Why is Israel the one country in the world with an international movement devoted to its destruction? And why, 125 years after its founding as a movement and long after the wisdom of its founder was demonstrated by the Holocaust, does Zionism remain controversial? Those are questions that JNS editor-in-chief Jonathan Tobin thinks need to be answered as the campaign to delegitimize Israel and Zionism continues to gain ground on college campuses, the corporate media and the intersectional left-wing of the Democratic Party. In the latest episode of “Top Story,” Tobin says that the persistence and strength of the virus of antisemitism is at the heart of the problem.
Tobin is then joined by historian Gil Troy, the editor of a new three-volume edition of the Zionist writings of Theodor Herzl. According to Troy, part of the problem is that contemporary liberals tend to think of all nationalism as bad, including Jewish nationalism. But he believes that learning about Herzl’s life and work can help correct that.
“Theodor Herzl has a message not just for Jews, not just for Zionists, but for the democratic world,” says Troy. “It’s that there is no more effective vehicle for pulling people together, for building community, for doing tikkun olam, for changing the world and for defending ourselves than modern liberal democratic nationalism.”
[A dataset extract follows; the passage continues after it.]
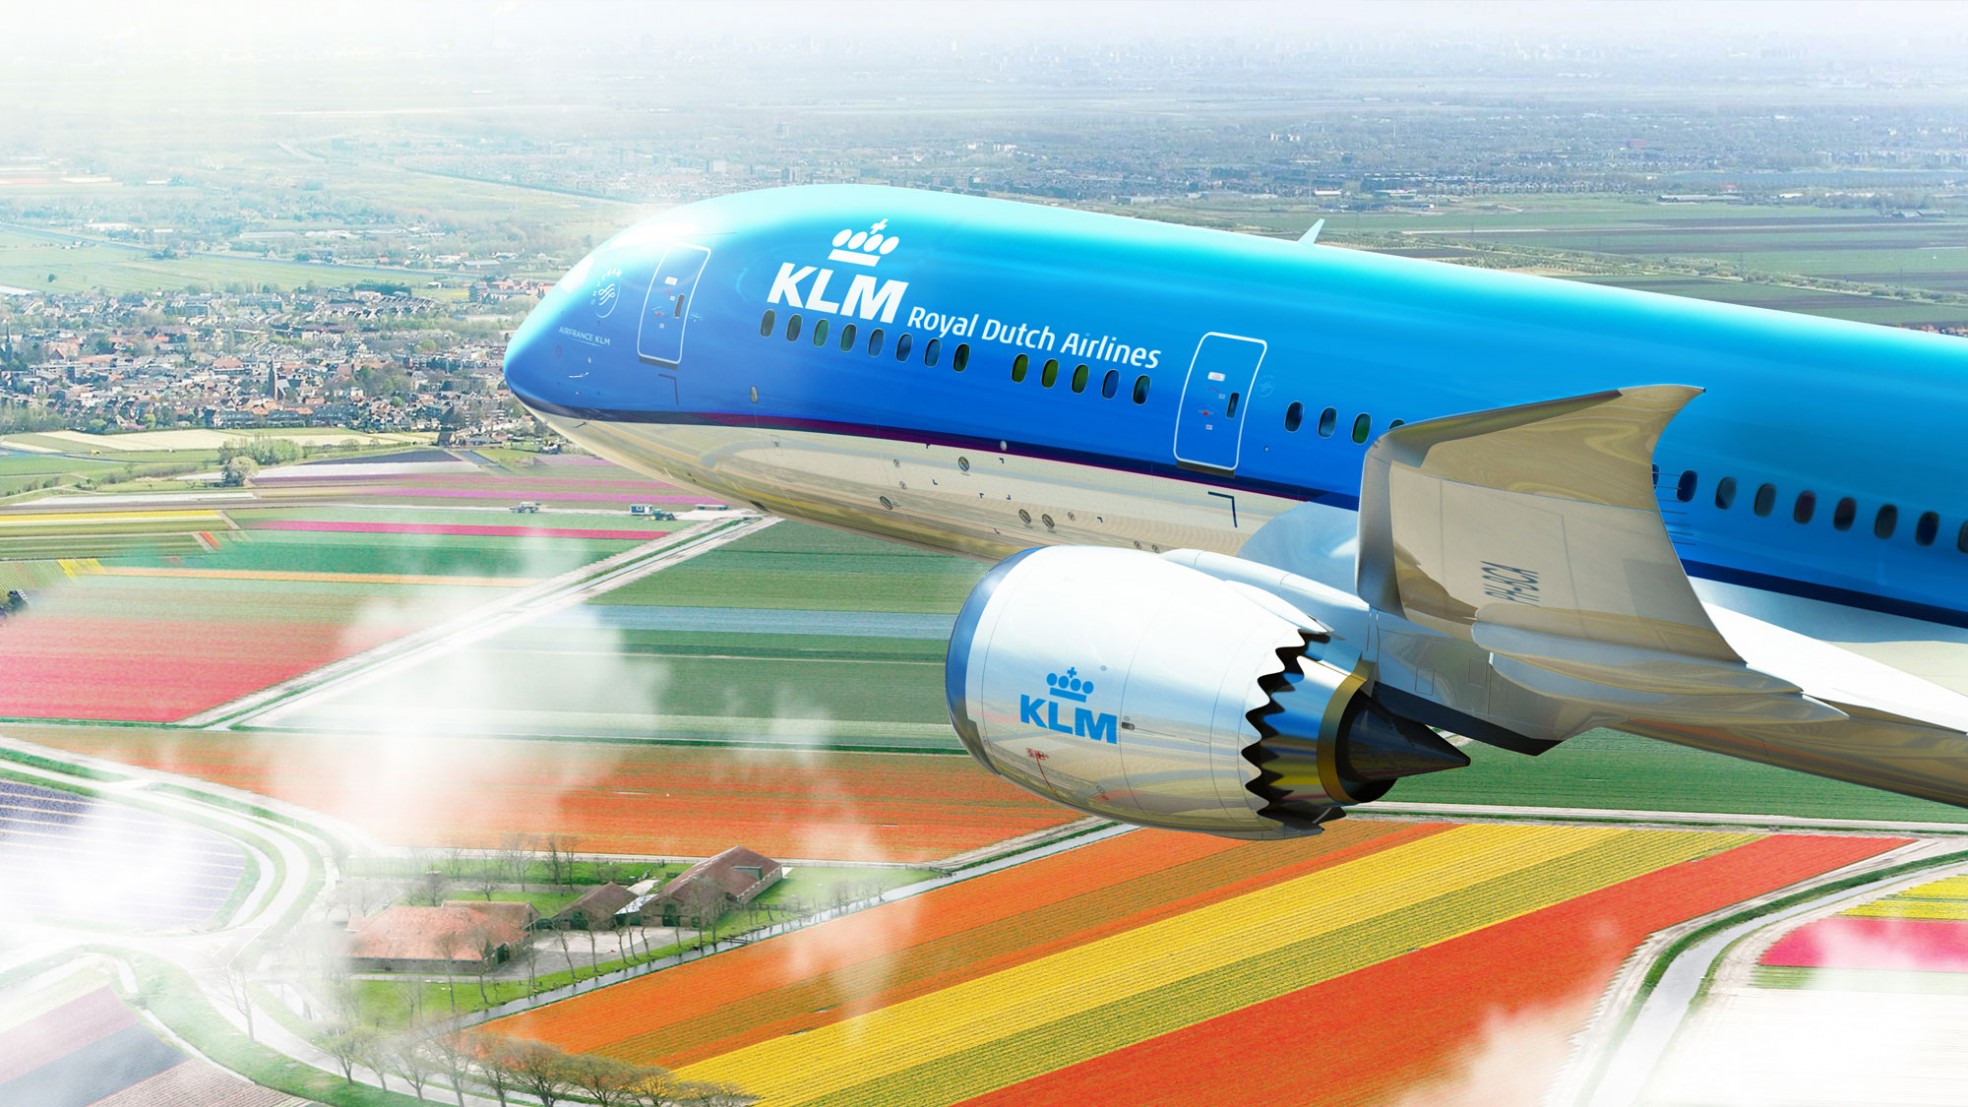 KLM Royal Dutch Airlines is certified as a 4Star Airline Skytrax

Troy sees Herzl’s legacy as a unifying factor at a time of great political division for Jews in Israel as well as North America. And he believes Herzl’s personal journey as an assimilated Jew who found his Jewish identity is one that will resonate with both Israelis and Americans.
Anti-Zionism sparked by toxic ideologies
The embrace of anti-Zionism by so many Diaspora Jews does concern Troy. He believes it is, in part, a byproduct of the acceptance of toxic, woke ideologies that falsely claim that Zionism and love of the land of Israel isn’t integral to Judaism.
Troy is also concerned that critiques of Israel’s new government are rooted in hysteria and partisan bias rather than any genuine worry that democracy is in peril. He believes many on the left, particularly in America, don’t realize that justified worries about terrorism have motivated many Israeli voters. These detractors need to understand, he argues, that despite the “chicken little” approach of some of the government’s critics, the sky isn’t falling on Israel—but that saying so can undermine U.S.-Israel relations.
But Troy believes the message of Herzl, which is basically optimistic, is one for all Jews to embrace, since this is, he asserts, despite the country’s many problems, the best time to be living in Israel. He advises everyone to have ice cream for breakfast on Yom Ha-atzmaut—Israel Independence Day—to remind ourselves of that.